No, our first assumption was right. The O2 is stuck in some kind of localized time warp. If you want to eat yourself into a carb, sugar and salt coma for the cost of a dinner for two at a proper restaurant, then hie ye to the O2 and load up on Krispy Kremes and fat burgers. If you think that eating something that doesn’t start clogging your arteries at 50 paces might be an idea, well, then you’re shit outta luck. As for gluten intolerant, the O2 hasn’t heard of this new fangled faddishness and have you thought about popcorn as an alternative to actual food?

My friend’s partner wasn’t allowed to bring in his plastic bottle of water. There really is no justification for this, other than the venue being determined to charge water drinkers three times the going rate. So yes, you could buy water, but you weren’t allowed the bottle cap. Eh? After puzzling over this, we decided that it’s in case the crowd decided to sod listening to the music and waving their phones in torch mode, and instead chose to spend the entire time gnawing bottle caps into weapons and rising up en masse to inflict minor flesh wounds on hapless fellow concert goers. Well, just think of the insurance premium on that risk! Suddenly… no, the whole bottle cap thing just Does. Not. Make. Sense.

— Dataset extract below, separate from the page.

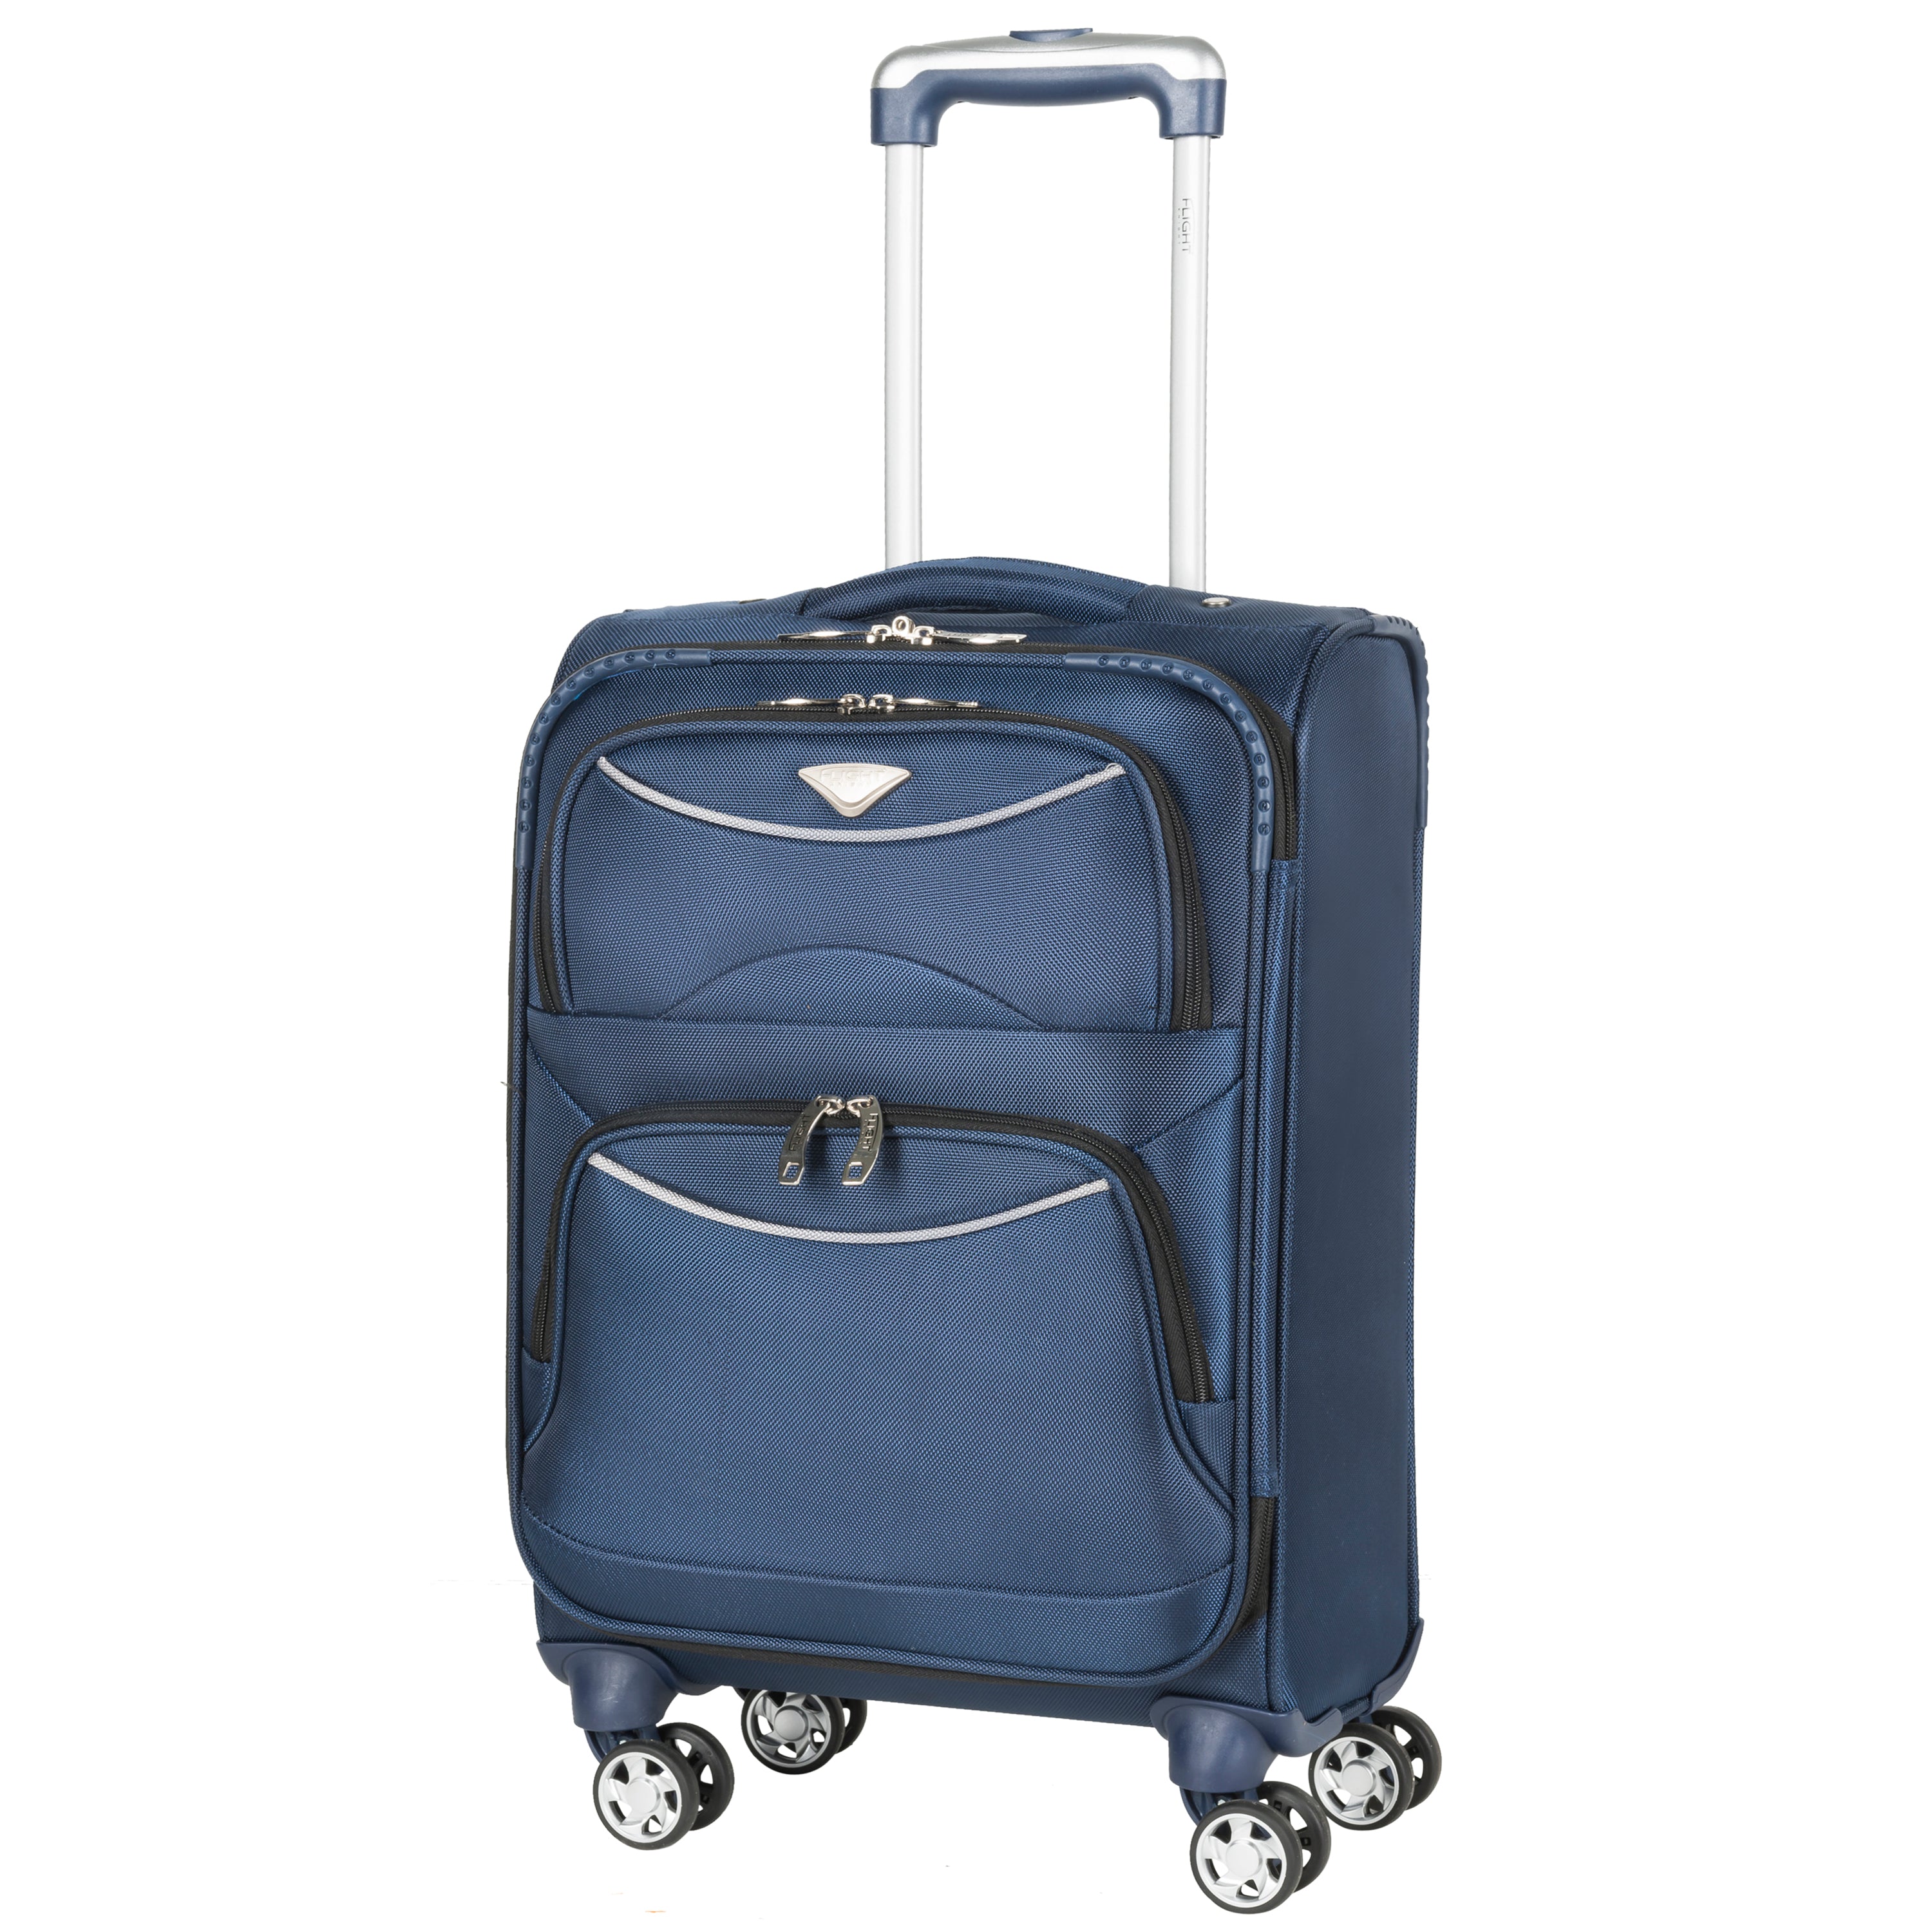 Load image into Gallery viewer, Polyester Soft Case Cabin Suitcases Hold Luggage Delta Maximum Easyjet Approved

The thing is, tickets for that evening were about £100. That’s not cheap. That sets certain expectations about the whole experience, which do not include ridiculous rules, not being able to get anything to eat for six hours, or having to queue so long for a bathroom that you risk missing part of a set. If anything clearly demonstrates a venue’s lack of interest in attendees as other than walking wallets, it’s the brazenness of charging £4 for nachos (by which I mean literally the corn chips, not the dish including actual ingredients).

It is disrespectful commoditization of people, and frankly, the O2 can fuck right off.